# Hash Functions: Checksums

**Spoiler:** *Used to check data integrity, hash
functions are everywhere. Today, we present to you the easiest of them,
the checksums. The principle is simple, since any data is a
sequence of 0 and 1, it is also a number that can be projected into a
smaller set. Ideally, any change in the data will send it elsewhere and
we will see the difference.*

In a previous article on public key
infrastructures, I briefly mentionned *hash functions*, but
did not dwell on them. I have since realized that they are rather
unknown. And it’s a shame because even if we don’t realize it, we use it
all the time.

Before discussing their cryptographic version which was mentionned
and which we will discuss in the next
article, I would like to take a little time to introduce you to
their ancestors: the *checksums*. Much simpler, they already have
the fundamental characteristics of hash functions.

It all starts with a simple and fairly common IT (security) need:

How to check that data has been transmitted without being altered?

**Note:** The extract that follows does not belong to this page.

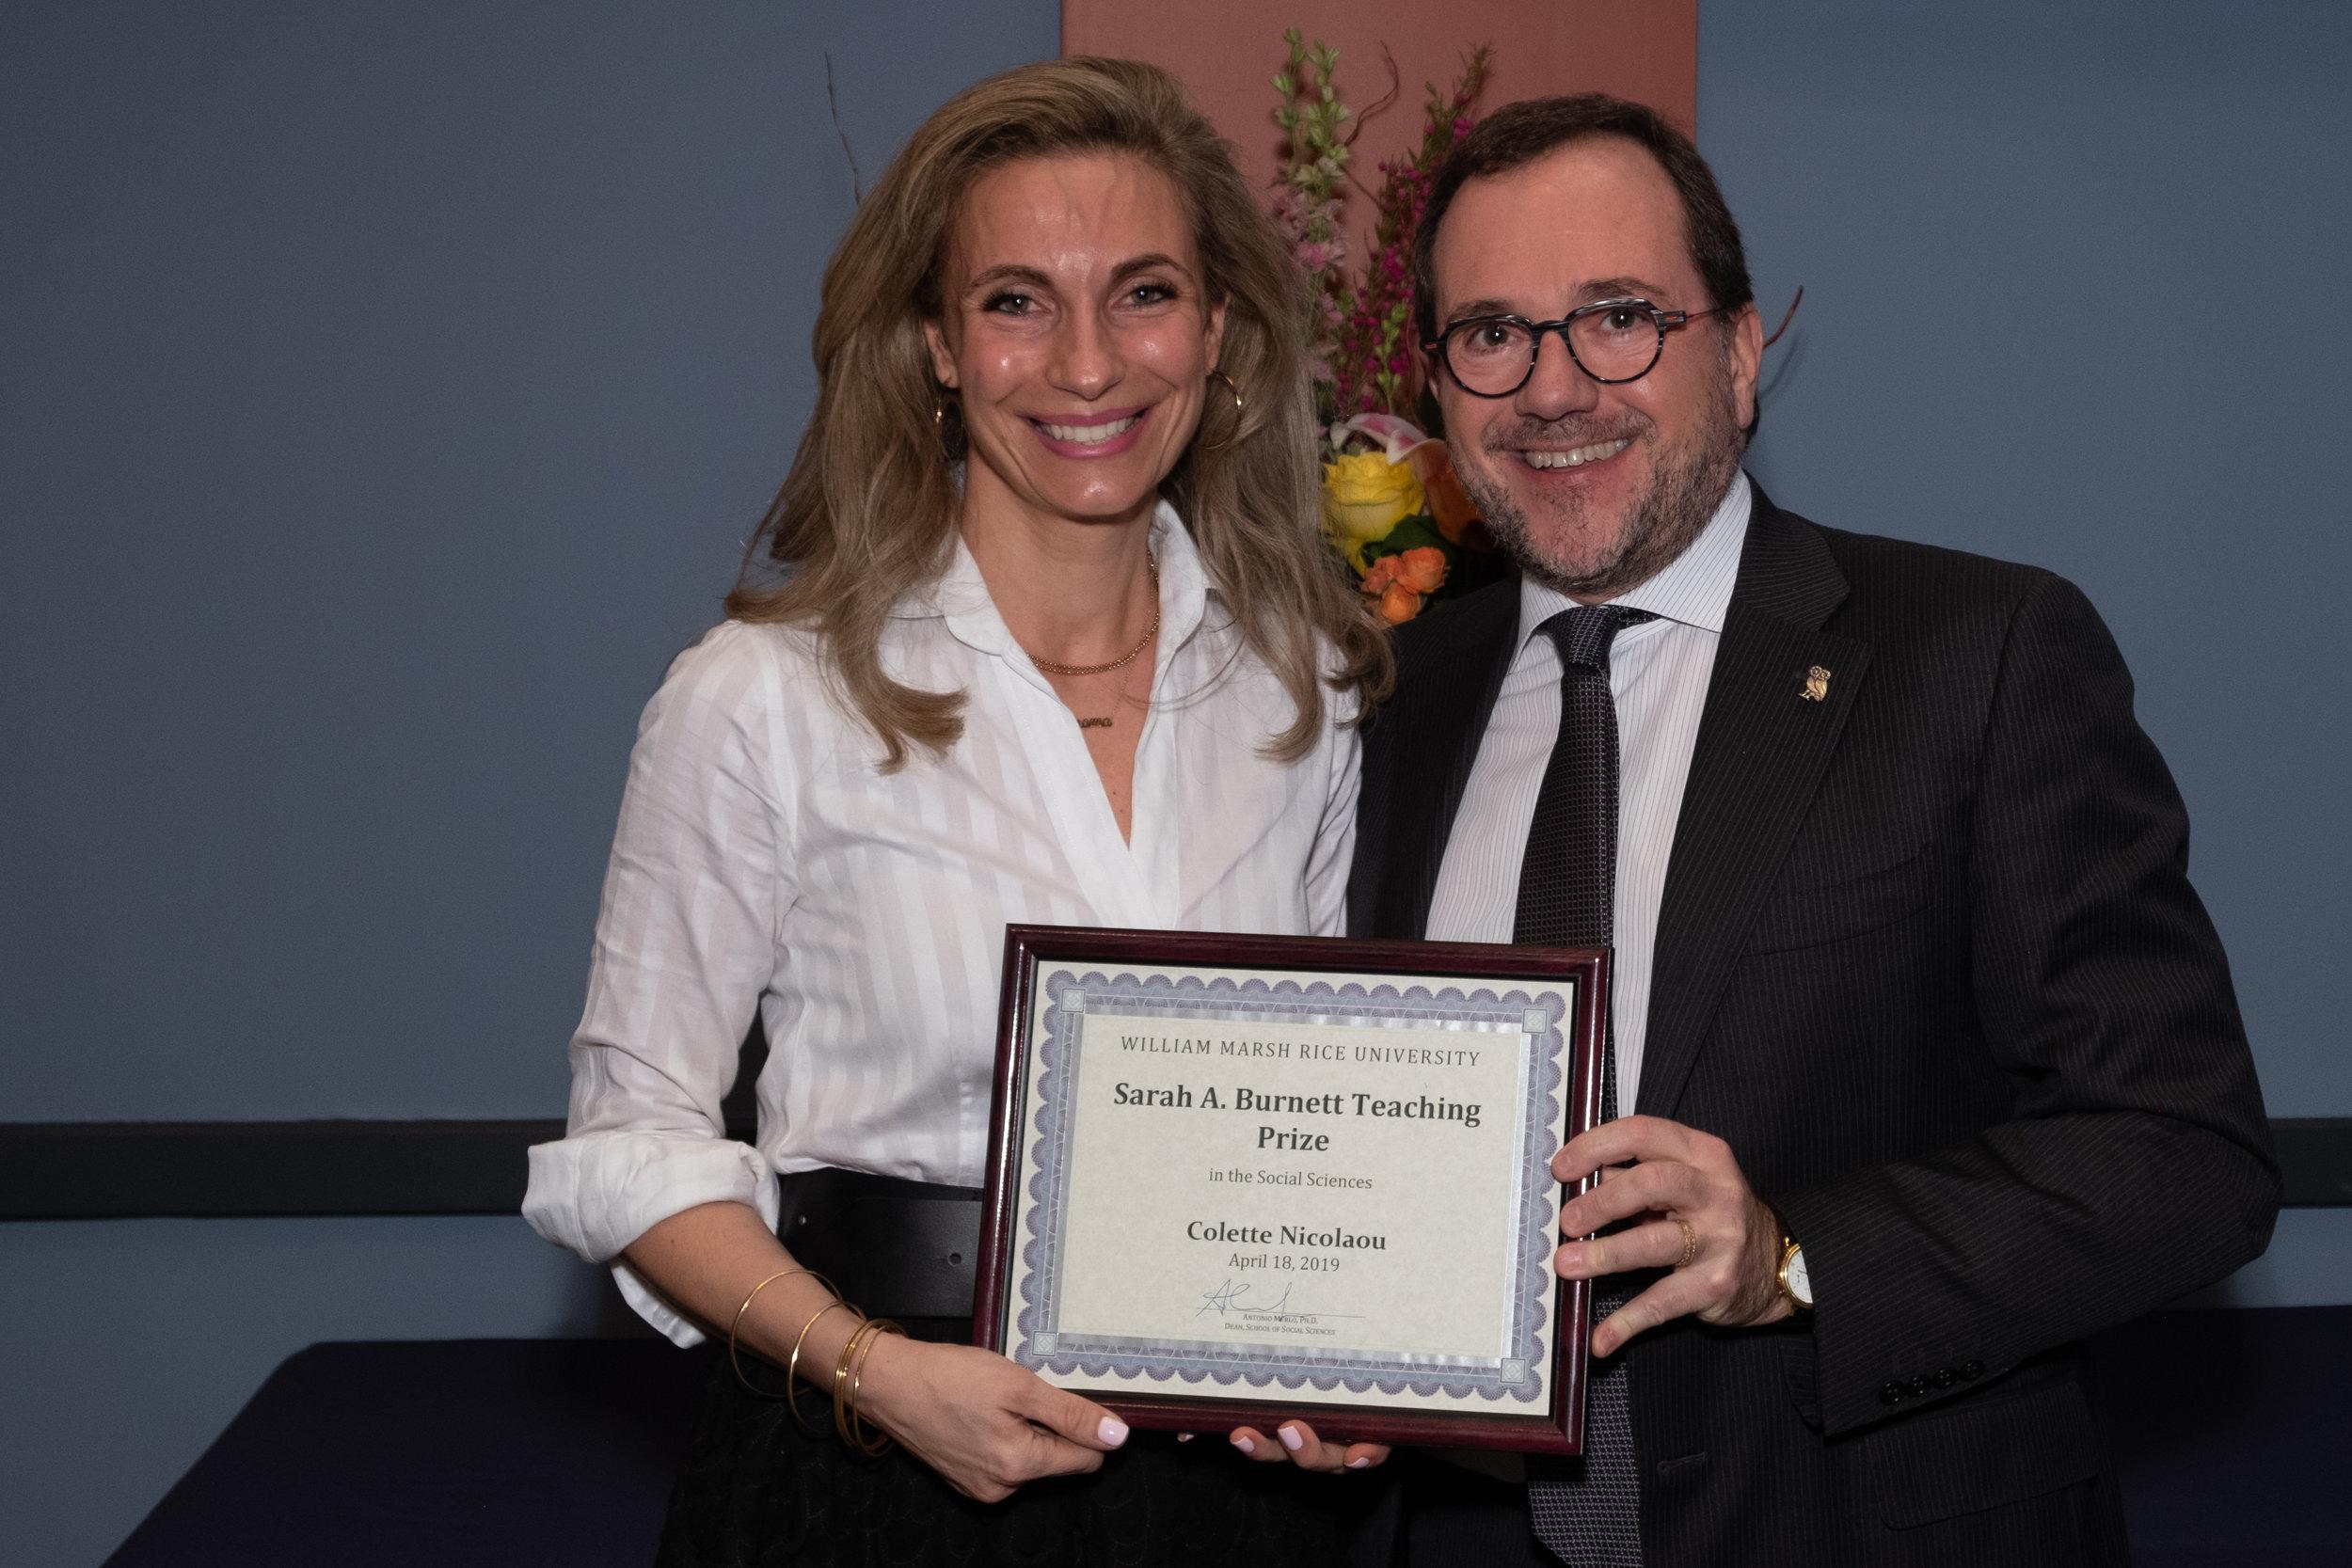 Antonio Merlo, Dean of the School of Social Sciences & Colette Nicolaou, Sarah A. Burnett Teaching Prize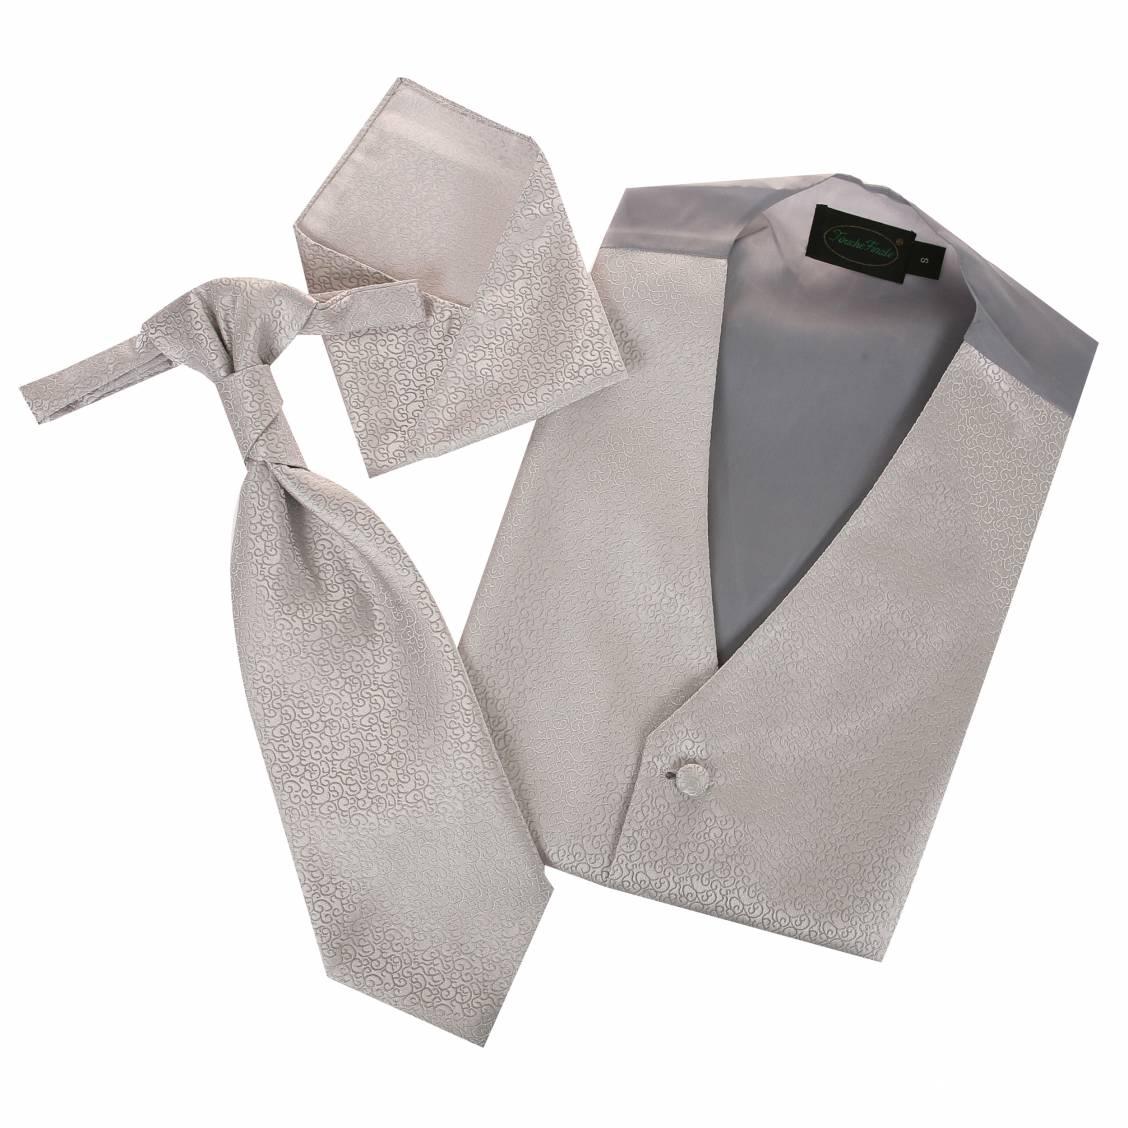 costume guy laurent gilet tailleur homme gris perle 2336 10 car interior design. Black Bedroom Furniture Sets. Home Design Ideas

Whether we are transmitting a packet over a network, storing important files, or copying a seal. How de we make sure that there was no problem and that the data received is indeed consistent with the original?

# Global parity bits

Let’s start with the most rudimentary method: count the number of
bits that are worth
$1$,
if this number is even, we add a
$0$,
if it is odd, we add a
$1$.
Mathematically, it is to make an *exclusive or* of all the bits
of the message. It is written *XOR* in the text (for
*eXclusive OR*) ,
$\oplus$
in math and `^`

when programming.

Data | $\oplus$ |
---|---|

00 | 0 |

01 | 1 |

10 | 1 |

11 | 0 |

011010011100110101 | 0 |

In terms of projection, it reduces everything to only two possible
values: 0 or 1. A bit radical for a *hash* but if a single bit
changes in the data, the parity will change too and we can detect this
error 🎉.

On the other hand, and this is where it is somewhat limited, if two bits change, it will no longer be detected.

# Parity bits on words

To go further, we can cut the message into parts of the equal length
(called *words*) and add their parity bit to each one. We can
then detect several errors (as long as they appear in different
words).

**In Real Live, in ASCII.** In the past, each character
was encoded with 7 bits. We could then code 128, which was considered
*largely sufficient* at that time. The 8^{th} bit,
because data was already handled in 8-bit words, could be used for
parity and thus detect transmission errors.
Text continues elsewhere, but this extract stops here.